Traveling Salesman was the last hard problem I picked up solely to stretch my brain and I probably understand the relationship between TSP and linear programming about as well as a Seahawks fan understands what it is to be a quarterback. I can see the bits and enjoy the results but fuck that looks intimidating.
am I missing something?
this was a lot of words that sum up to "I heard that new algorithm exists but spent zero effort actually evaluating it"
Intriguing article. Sometimes practical issues override theoretical ones, and it would be interesting to see which one dominates in networking.
(side note: does anyone else get thrown off by the Epilogue font? It looks very wide in some cases and very narrow in others... makes me want to override it with Stylus if my employer hadn't blocked browser extensions for security reasons, which raises the question of why I am even reading the article on this computer....)

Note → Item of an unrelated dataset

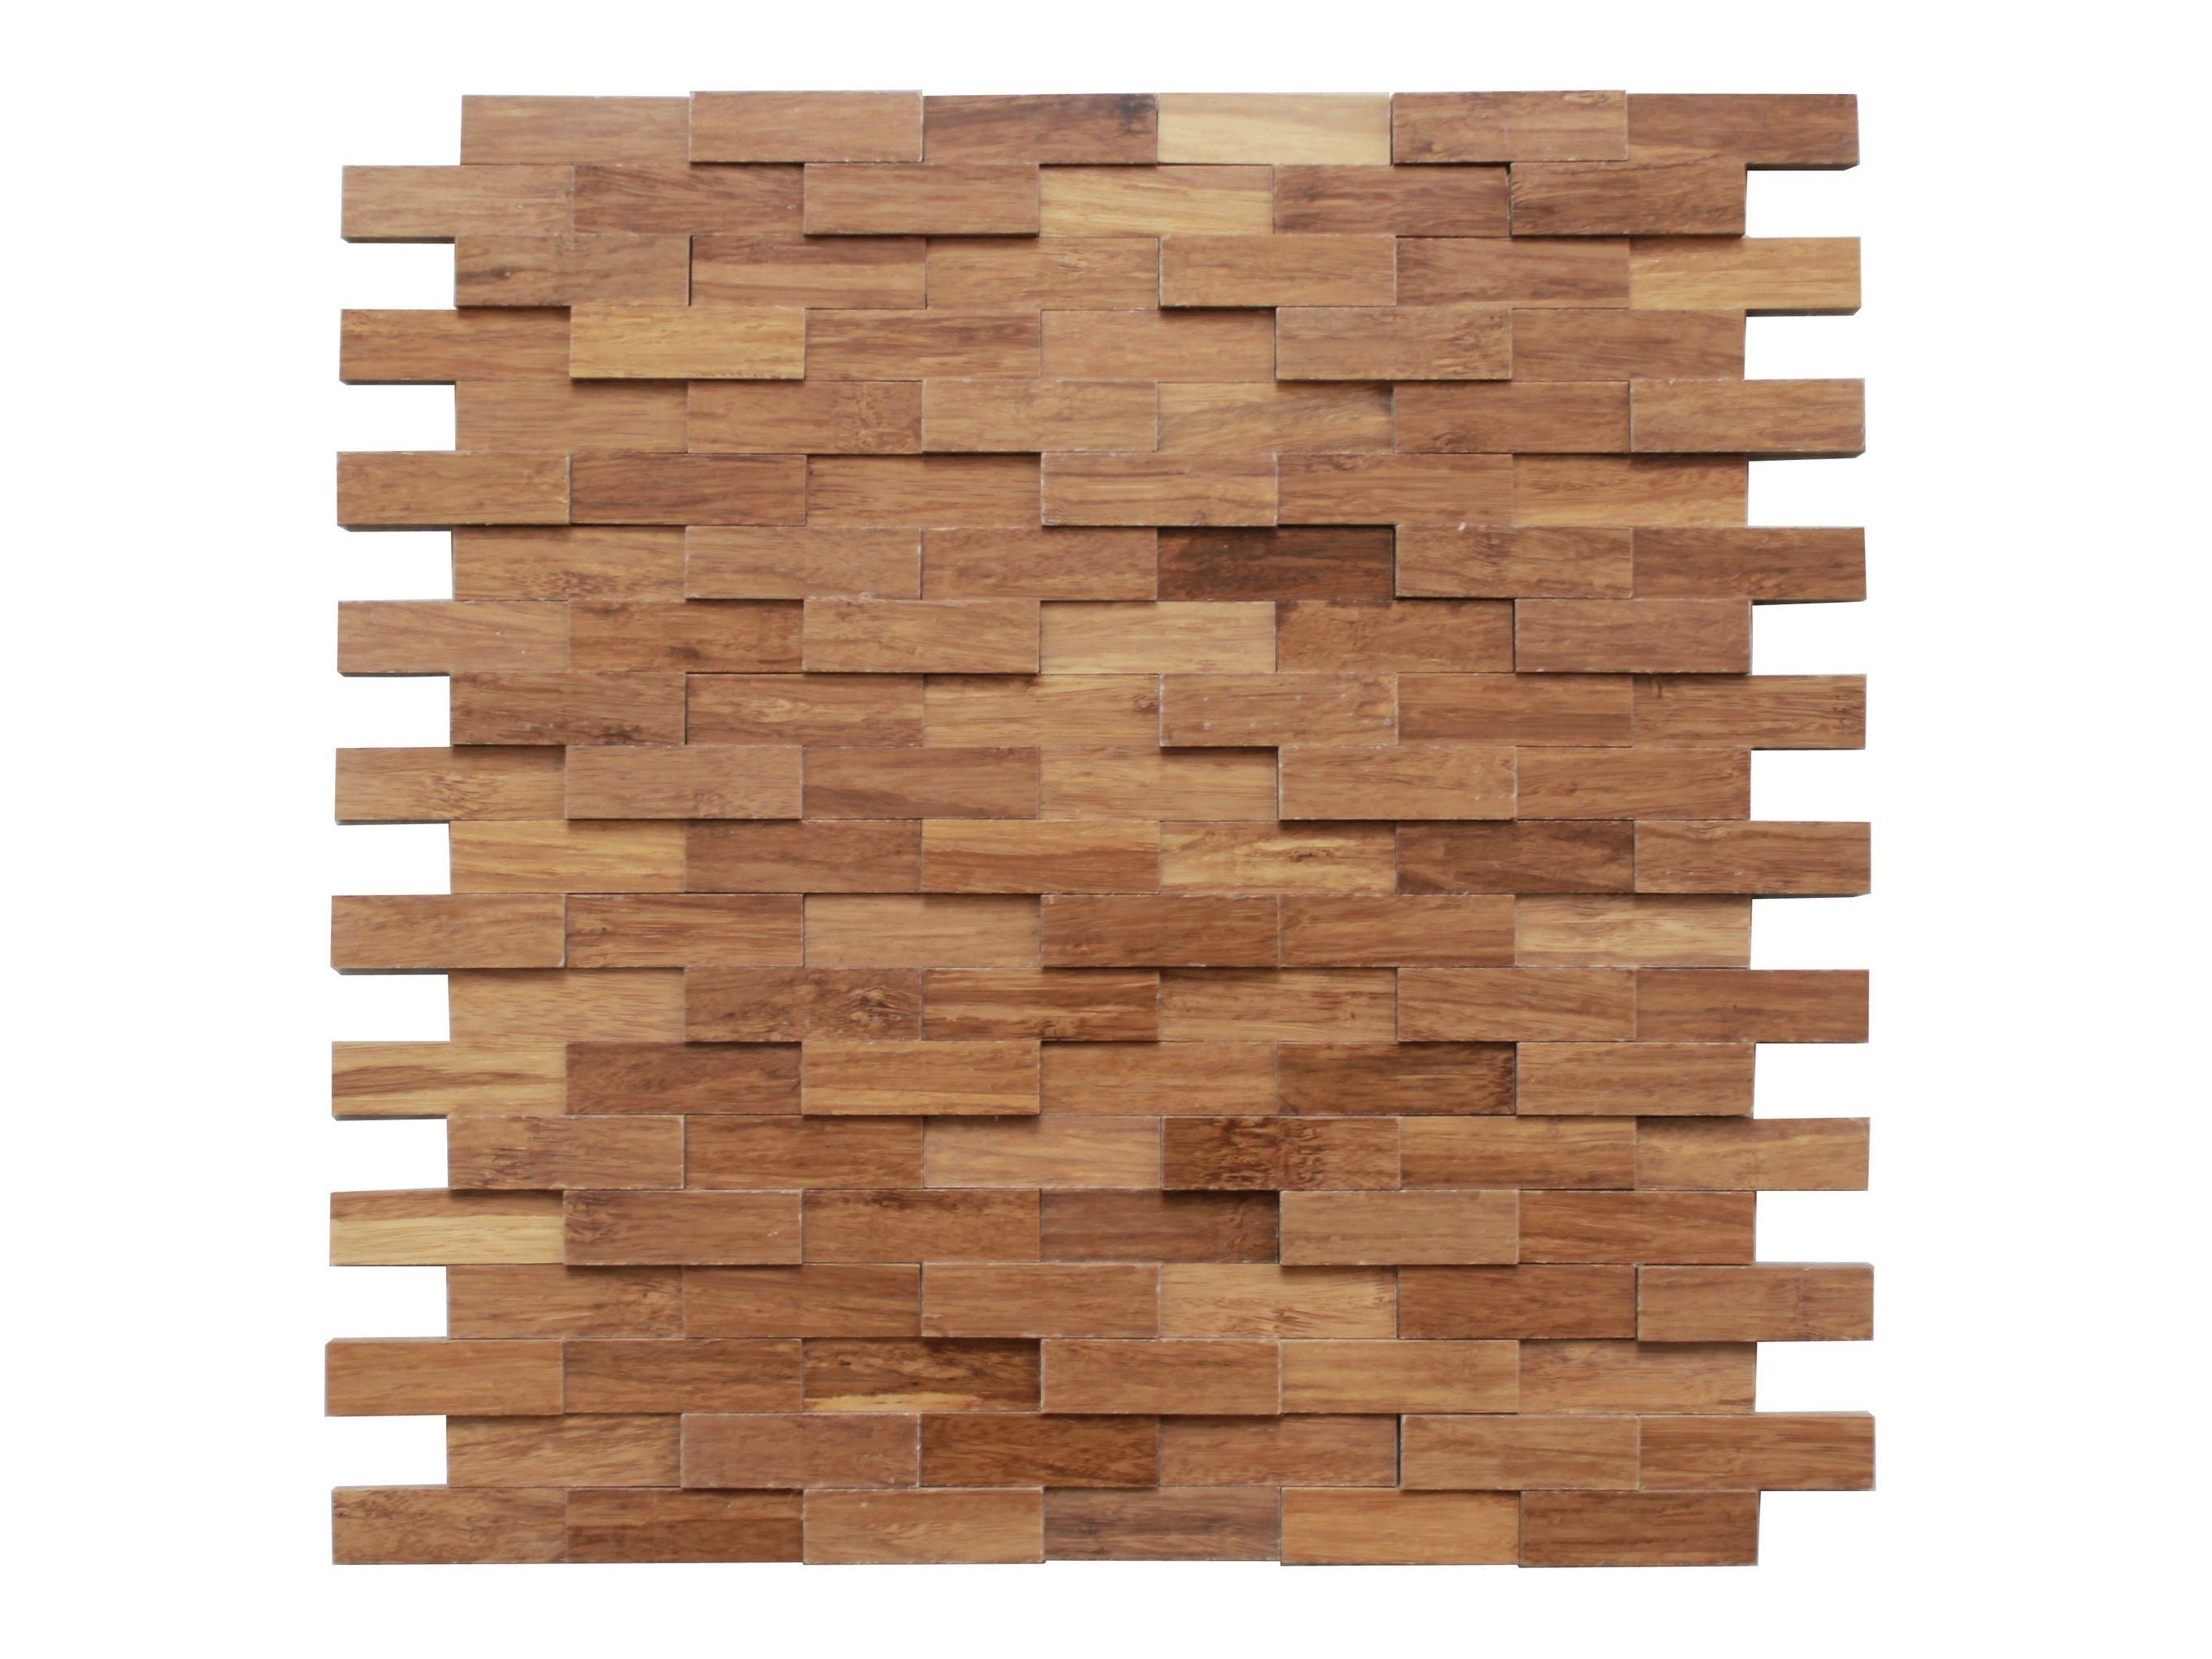 3d mosaikfliese aus bambus f r innen kul sc b3 3d mosaikfliese kul bamboo wandverkleidung. Black Bedroom Furniture Sets. Home Design Ideas

I can only recommend (for all Germans here) this video from "dorfuchs":
https://youtu.be/3ge-AywiFxs?si=TbcRsBNkzGhpOxQ4&t=842
(timestamped=) He shows a derivation that at best, a sorting algorithm can do is O(n log(n)) for n real positive numbers.
I struggle to see the point. The paper in question doesn't claim to be practically faster or to want to "replace" Dijkstra, they are just saying "we got a better big-O" and I don't see any reason to doubt they're wrong about that.
It's actually common for algorithms with a lower asymptotic complexity to be worse in practice, a classic example is matrix multiplication.
Also please, please, can we stop with the "eww, math" reactions?
> The new approach claims order (m log^(2/3) n) which is clearly going to be less for large enough n. (I had to take a refresher course on log notation before I could even write that sentence with any confidence.)
I'm sure the author is just exaggerating, he's clearly very competent, but it's a sentence with the vibes of "I can't do 7x8 without a calculator."